5

 Entre Galinhas e Lenha

O dia amanheceu lento, quase preguiçoso, com o céu tingido de laranja e rosa sobre os campos verdes. 

O som distante dos galos e o vento suave mexendo as folhas me despertaram antes do sol subir completamente. 

Laura ainda dormia, aninhada em seu carrinho improvisado ao lado da cama, e eu me senti estranhamente isolada naquele espaço que não era nem minha cidade, nem meu antigo conforto urbano.

Levantei-me devagar, sentindo o piso frio de madeira sob os pés, e observei a casa de caça com um misto de admiração e apreensão.

 Cada canto parecia carregar a história de alguém que sabia viver com o essencial, sem luxos, sem pressa.

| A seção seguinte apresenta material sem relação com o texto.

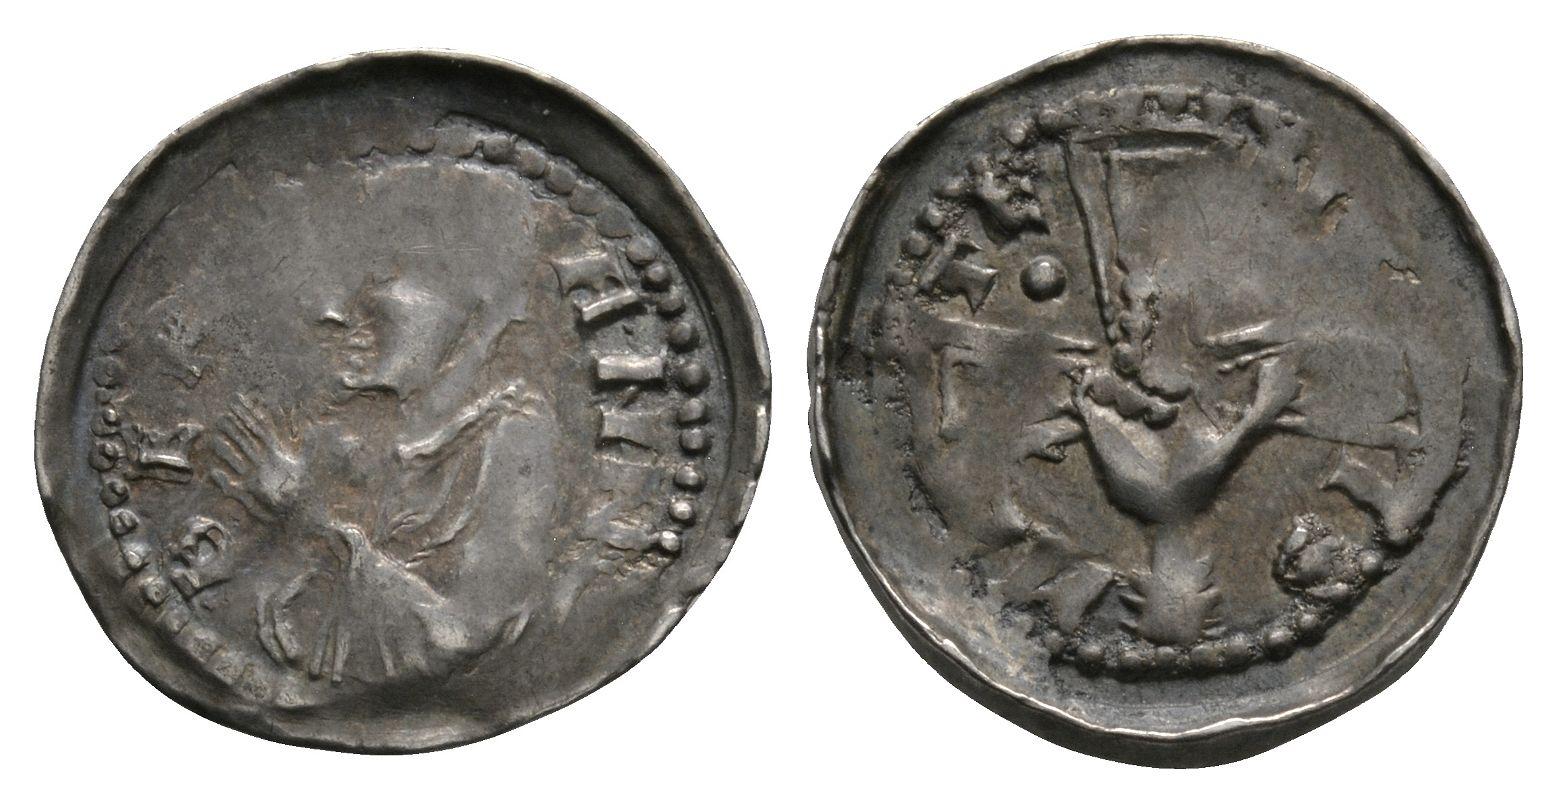 World Coins - France - Metz - Bishop Bertram - Denier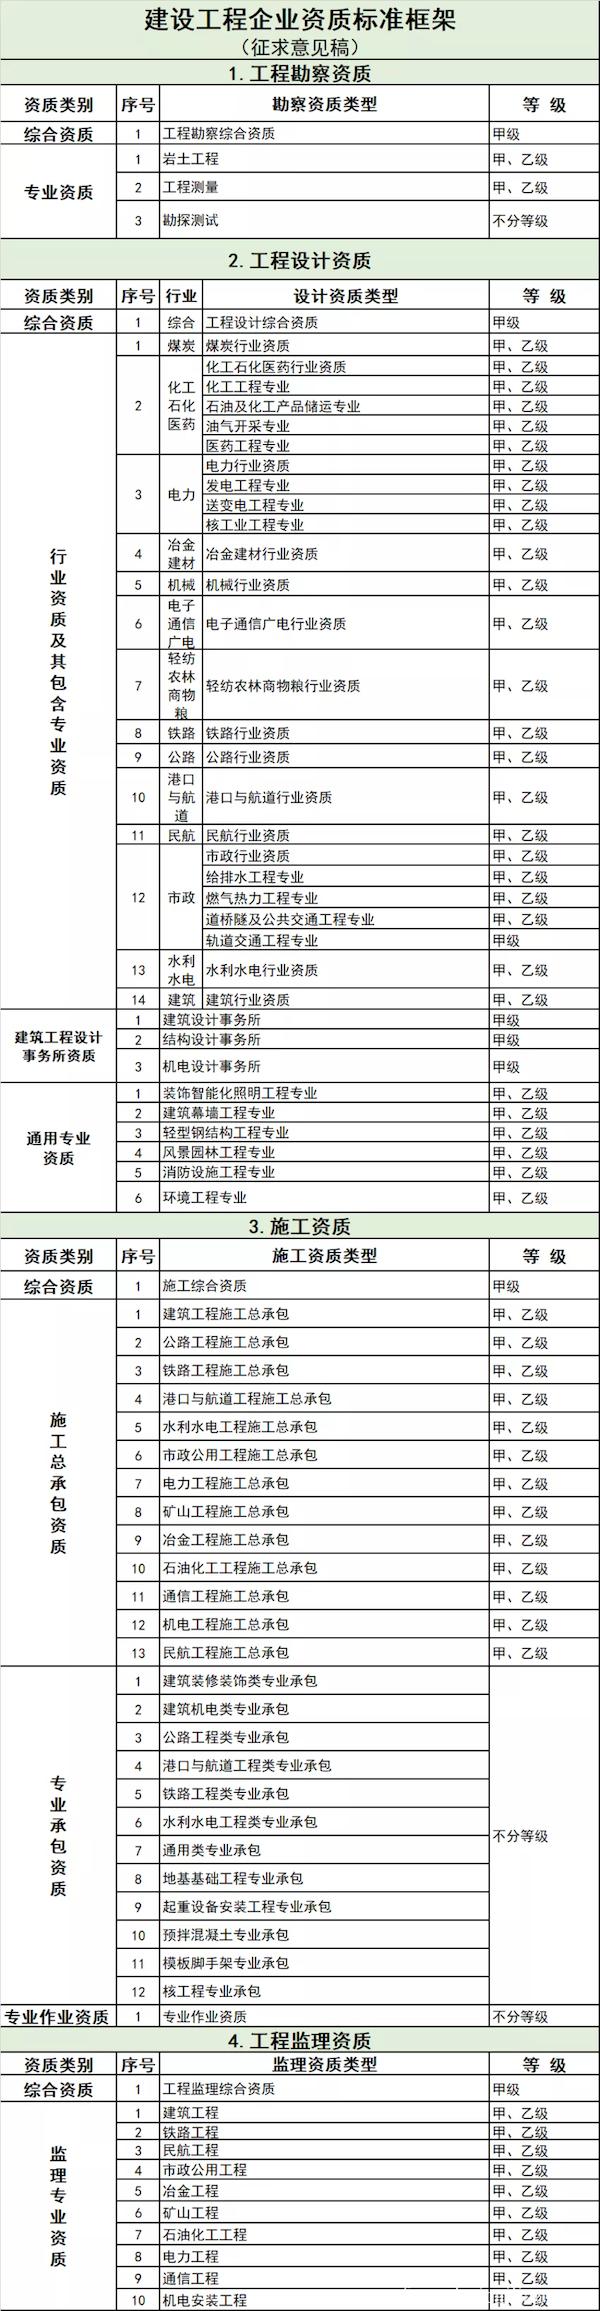 导出图片Thu Nov 12 2020 09_28_37 GMT+0800 (中国标准时间)的副本.png

 Para mim, acostumada à correria, aos cafés apressados e aos eletrodomésticos que facilitavam cada tarefa, aquilo era quase uma prova de resistência.

Henry já estava na cozinha quando cheguei, mexendo calmamente a chaleira sobre o fogo de lenha.

 Sua presença era firme e constante, quase desafiadora.

— Bom dia. Disse ele, sem me olhar diretamente.

— Bom dia. Respondi, tentando esconder o nervosismo. 

— E aí, como está a vida por aqui?

Ele me lançou um olhar curioso e com algo mais que não consegui definir, levantando uma sobrancelha:

— Quer dizer, você vai descobrir hoje. 

—O dia é longo, e as galinhas não esperam.

Meu coração bateu mais rápido. 

Galinhas? 

Lenha? 

O cheiro de fumaça e madeira queimando me atingiu em cheio. 

Aquela vida era tão distante da minha rotina urbana que senti um frio na espinha só de pensar nas tarefas que me aguardavam.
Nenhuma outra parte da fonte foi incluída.